I find it much simpler to reason about this WASM code:
(func (export "add_to_byte") (param $addr i32) (param $delta i32)
(i32.store8
(local.get $addr)
(i32.add
(i32.load8_u (local.get $addr))
(local.get $delta)))
)
You may say this is cheating because folded WASM instructions help readability and they're just syntactic sugar; OK, here's the linear code:
local.get $addr
local.get $addr
i32.load8_u
local.get $delta
i32.add
i32.store8
It's still very readable, because - while the stack is used for all the calculations and actual commands - some of the data lives in named "registers" instead of on the stack. So we don't need all those tuck-swap contortions to get things into the right order.

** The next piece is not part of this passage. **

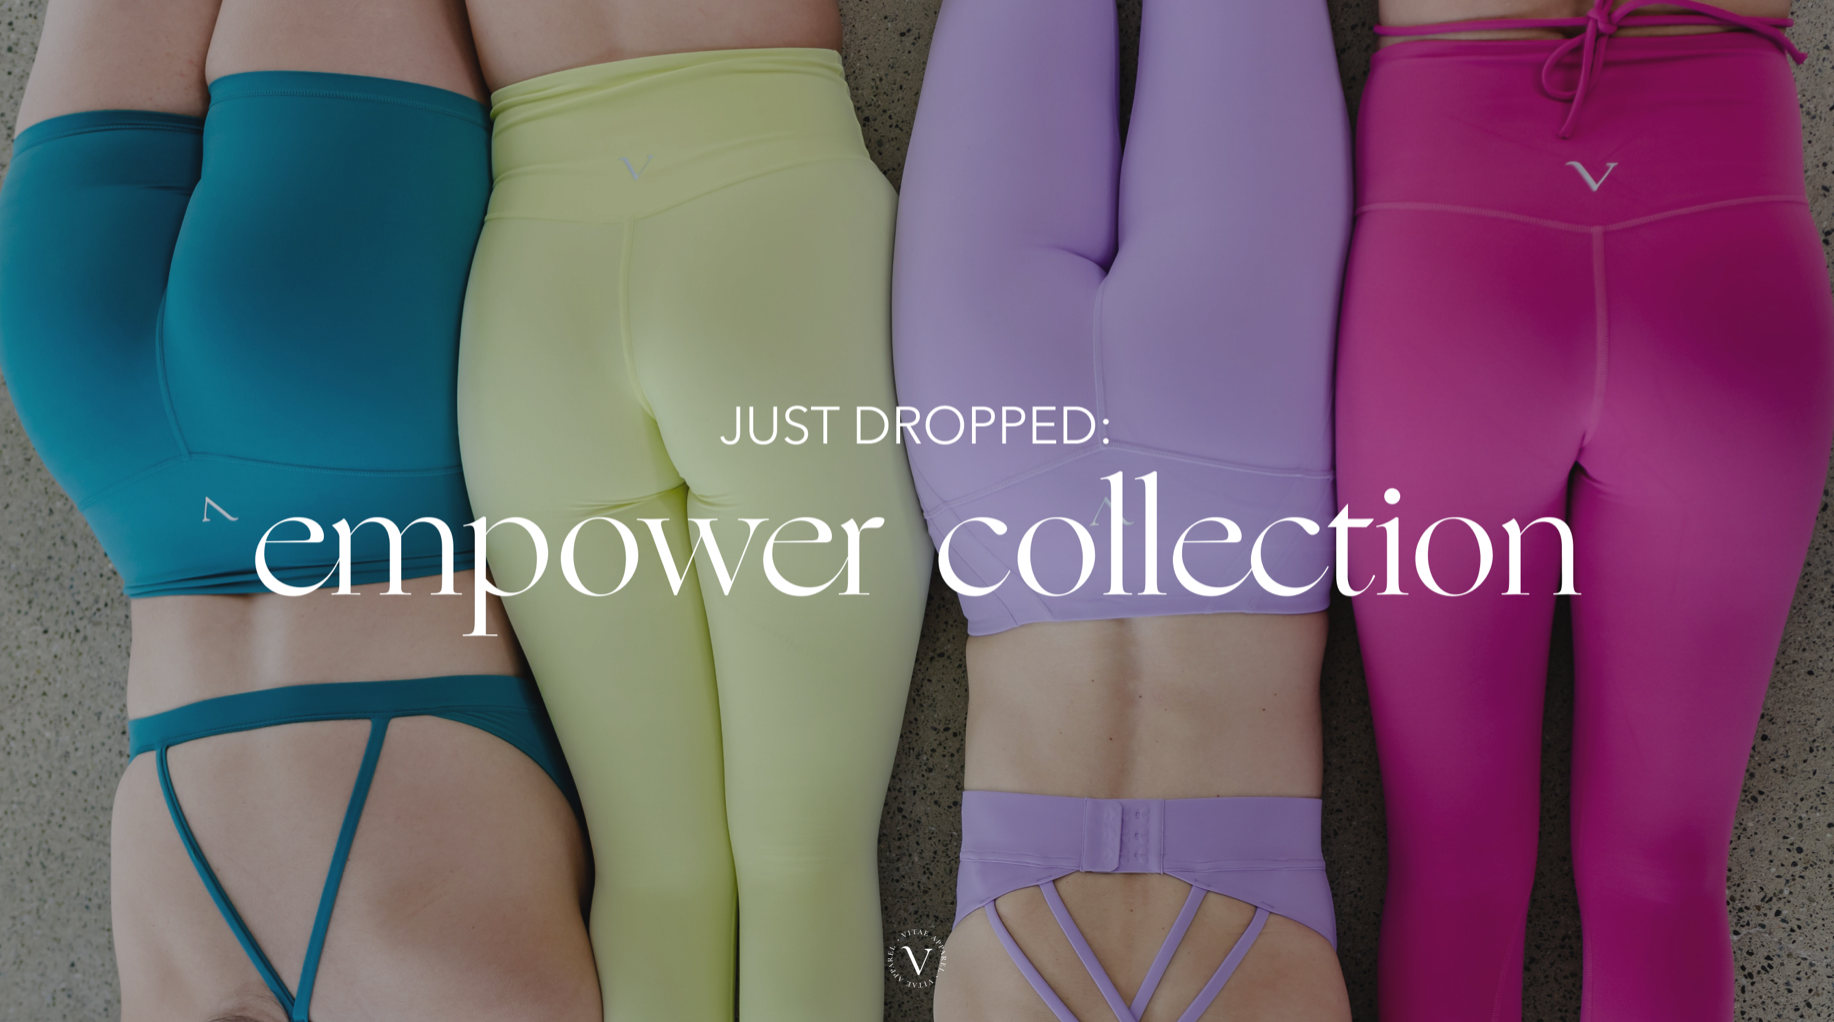 JUST DROPPED: THE EMPOWER COLLECTION – VITAE APPAREL

One might worry about the duplicated local.get $addr; wouldn't a real dup be better? Well, not in terms of readability, as we've already discussed. How about performance? Since the stack VM is just an abstraction and the underlying CPUs executing this code are register machines anyway, the answer is no - it doesn't matter at all.
Modern compiler engineers were forged in the fires of C and its descendants; arbitrary control flow, arbitrary register and memory access, anything goes. Compilers are quite sophisticated. Let's see how wasmtime compiles our add_to_byte to native code (using wasmtime explore with its default opt-level=2); comments are added by me:
// Prologue
push rbp
mov rbp, rsp
// wasmtime's VM context pointer lives in rdi; 0x38 is likely its offset
// to the default linear memory. Therefore, r10 will hold the base address
// of the linear memory buffer
mov r10, qword ptr [rdi + 0x38]
// The first parameter ($addr) is in edx; since WASM values are i32, it's
// zero-extended into the 64-bit r11 by copying into r11d
mov r11d, edx
// r10+r11 is memory[$addr]; this loads the current value into rsi
// (zero-extending from 8 bits)
movzx rsi, byte ptr [r10 + r11]
// ecx is the first parameter ($delta); this adds the addend to the
// current value
add esi, ecx
// Store cur_value+addend back into memory[$addr]
mov byte ptr [r10 + r11], sil
// Epilogue
mov rsp, rbp
pop rbp
ret
This is pretty much the code we'd expect to be emitted for the C statement mem[addr] += addend, or if we were writing x86-64 assembly by hand. The compiler had no difficulty figuring out that two consecutive loads from the same WASM local produce the same value and do not - in fact - have to be duplicated. The WASM model makes it rather easy, because you can't alias locals; as long as there are no intervening writes into the same local, multiple reads are known to produce the same value (redundant load elimination).